Walker Evans
[Photographer, b. 1903, St. Louis, Missouri, d. 1975, New Haven, Connecticut.]

 Evans was, and is, interested in what any present time will look like as the past. (An unpublished note characterizing his own work) 

Allen Ginsberg
[Poet and writer, b. 1926, Newark, New Jersey, d. 1997, New York.]

 The poignancy of the photograph comes from looking back to a fleeting moment in a floating world. The transitoriness is what creates the sense of the sacred. 

André Bazin
[Film critic and theorist, b. 1918, Angers, France, d. 1958, Nogent-sur-Marne, Île-de-France, France.]

 Photography does not create eternity, as art does; it embalms time, rescuing it simply from its proper corruption. 

Albert Einstein
[Scientist, b. 1879, Ulm, Württemberg, Germany, d. 1955, Princeton, New Jersey.]

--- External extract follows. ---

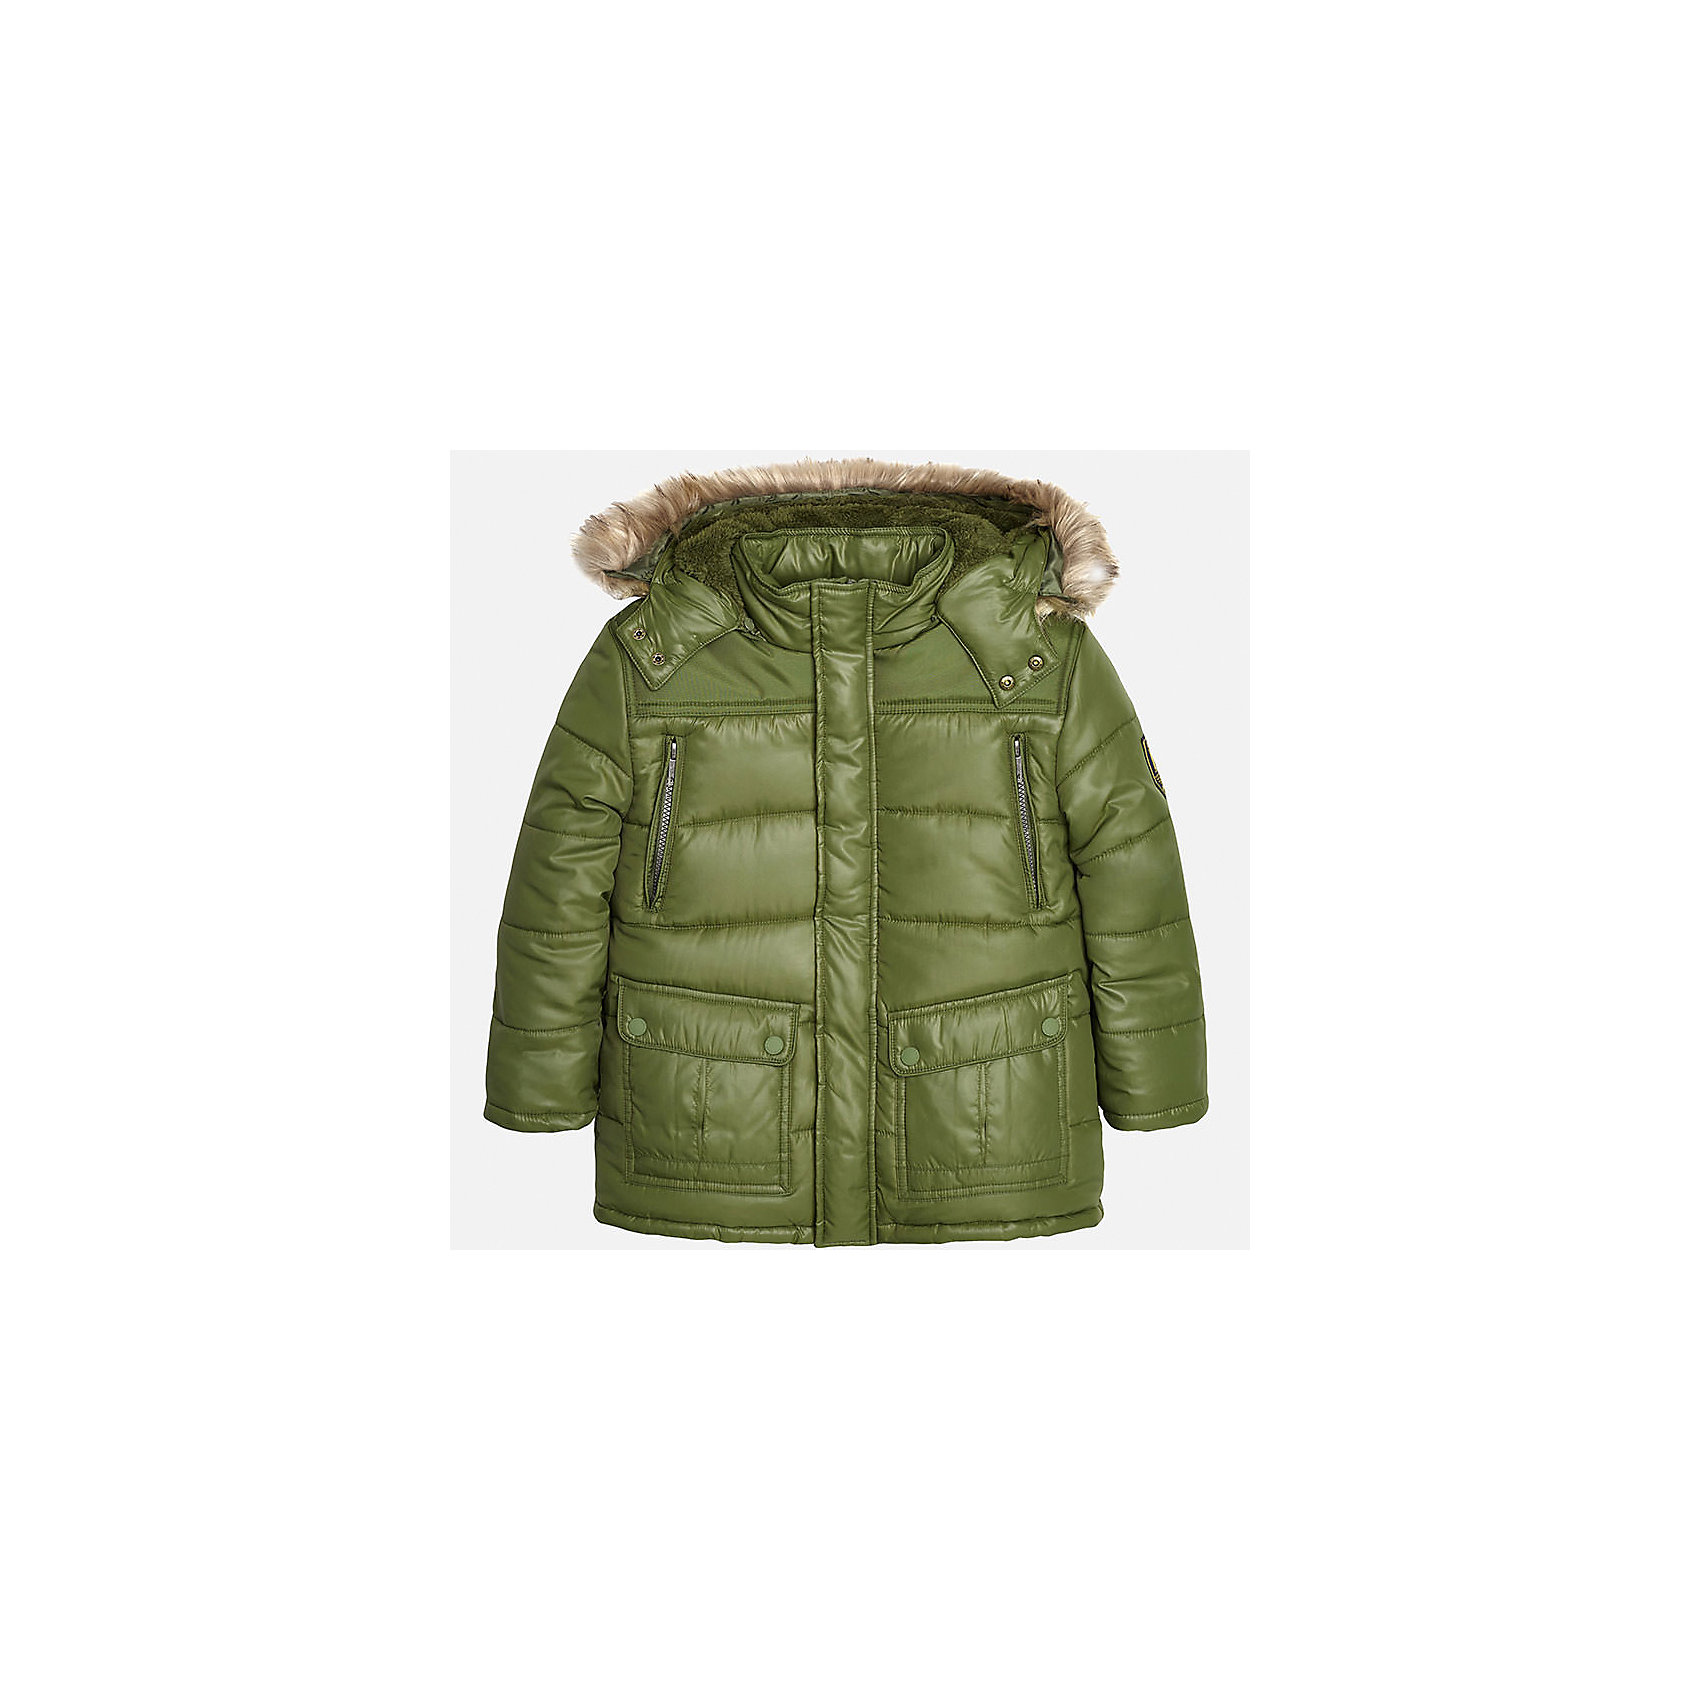 Куртка для мальчика MayoralВерхняя одежда<br>Теплая куртка для мальчика от популярного испанского бренда Mayoral(Майорал). Куртка очень удобная, изготовлена из материалов, отлично сохраняющих тепло. Есть капюшон с искусственным мехом, застегивается на кнопки. Куртка застегивается на молнию, есть 2 кармана на груди и 2 кармана по бокам.<br><br>Дополнительная информация:<br>Состав: 100% полиэстер<br>Цвет: зеленый<br>Куртку Mayoral(Майорал) можно купить в нашем интернет-магазине.<br><br>Ширина мм: 356<br>Глубина мм: 10<br>Высота мм: 245<br>Вес г: 519<br>Цвет: хаки<br>Возраст от месяцев: 96<br>Возраст до месяцев: 108<br>Пол: Мужской<br>Возраст: Детский<br>Размер: 128/134,146/152,140/146,152/158,158/164,164/170<br>SKU: 4827134
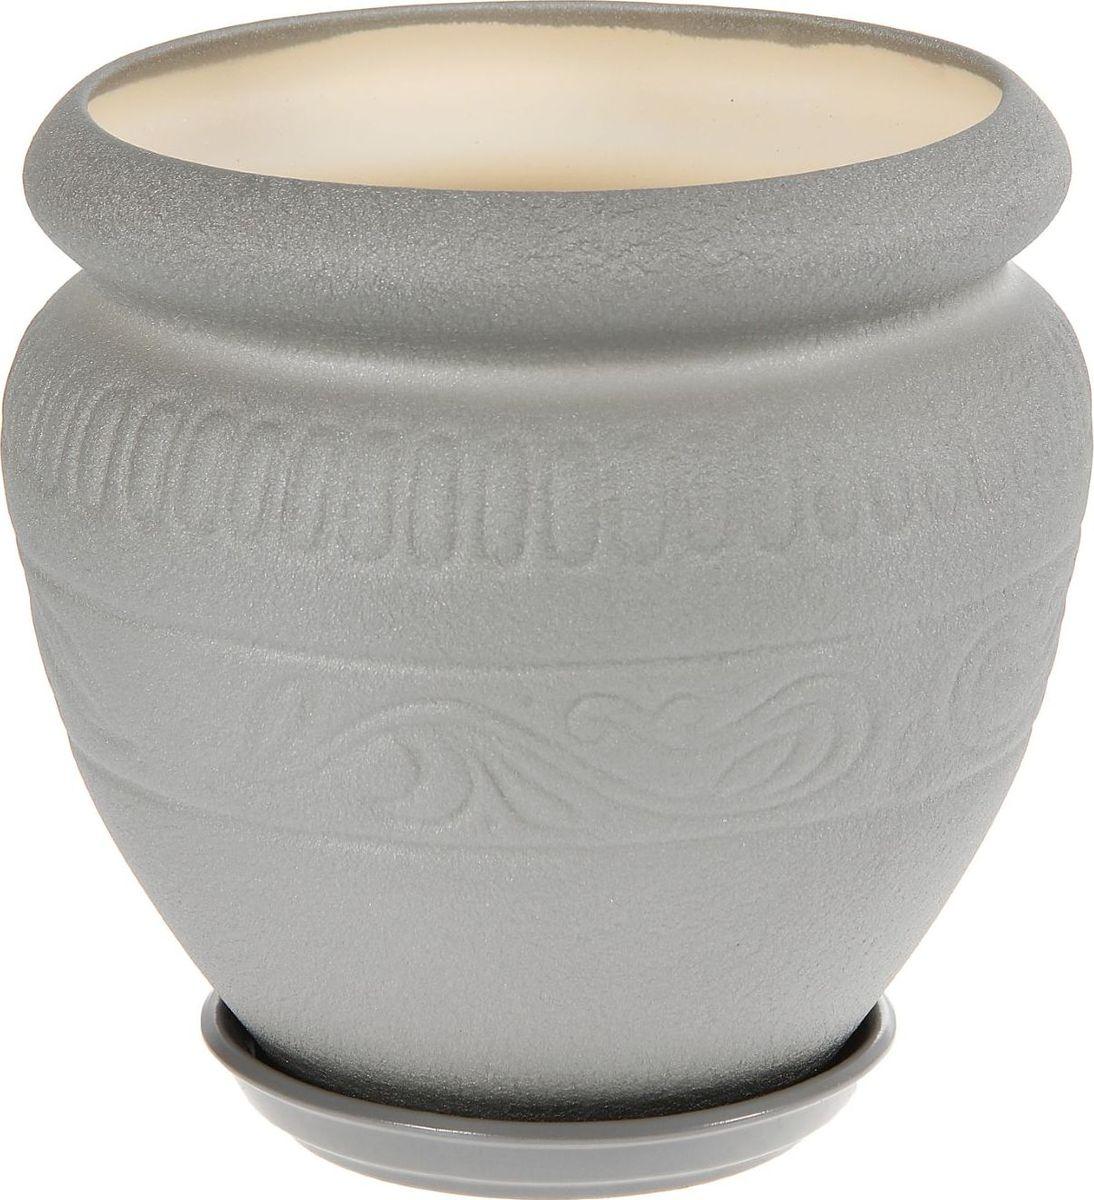 Кашпо Керамика ручной работы Амфора, цвет: серебристый, 7,5 л1136881Комнатные растения — всеобщие любимцы. Они радуют глаз, насыщают помещение кислородом и украшают пространство. Каждому из них необходим свой удобный и красивый дом. Кашпо из керамики прекрасно подходят для высадки растений: за счёт пластичности глины и разных способов обработки существует великое множество форм и дизайновпористый материал позволяет испаряться лишней влагевоздух, необходимый для дыхания корней, проникает сквозь керамические стенки! #name# позаботится о зелёном питомце, освежит интерьер и подчеркнёт его стиль.

 A photograph never grows old. You and I change, people change all through the months and years but a photograph always remains the same. 

John Berger
[Writer and critic, b. 1926, London, d. 2017, Paris.]

 What makes photography a strange invention is that its primary raw materials are light and time. 

André Kertész
[Photographer, b. 1894, Budapest, Hungary, d. 1985, New York.]

 Two seconds are a thousand years. 

Alfred Stieglitz
[Photographer and curator, b. 1864, Hoboken, New Jersey, d. 1946, New York.]

 Something happens, it’s a thousandth part of a fleeting second. It’s up to the photographer to capture that on film, because like a dying day, the thing will never come back again. (Quoted by Weegee, 1958) 

Robert Adams
[Photographer and writer, b. 1937, Orange, New Jersey, lives in Astoria, Oregon.]

 What a landscape photographer traditionally tries to do is show what is past, present, and future at once. You want ghosts and the daily news and prophecy... It’s presumptuous and ridiculous. You fail all the time.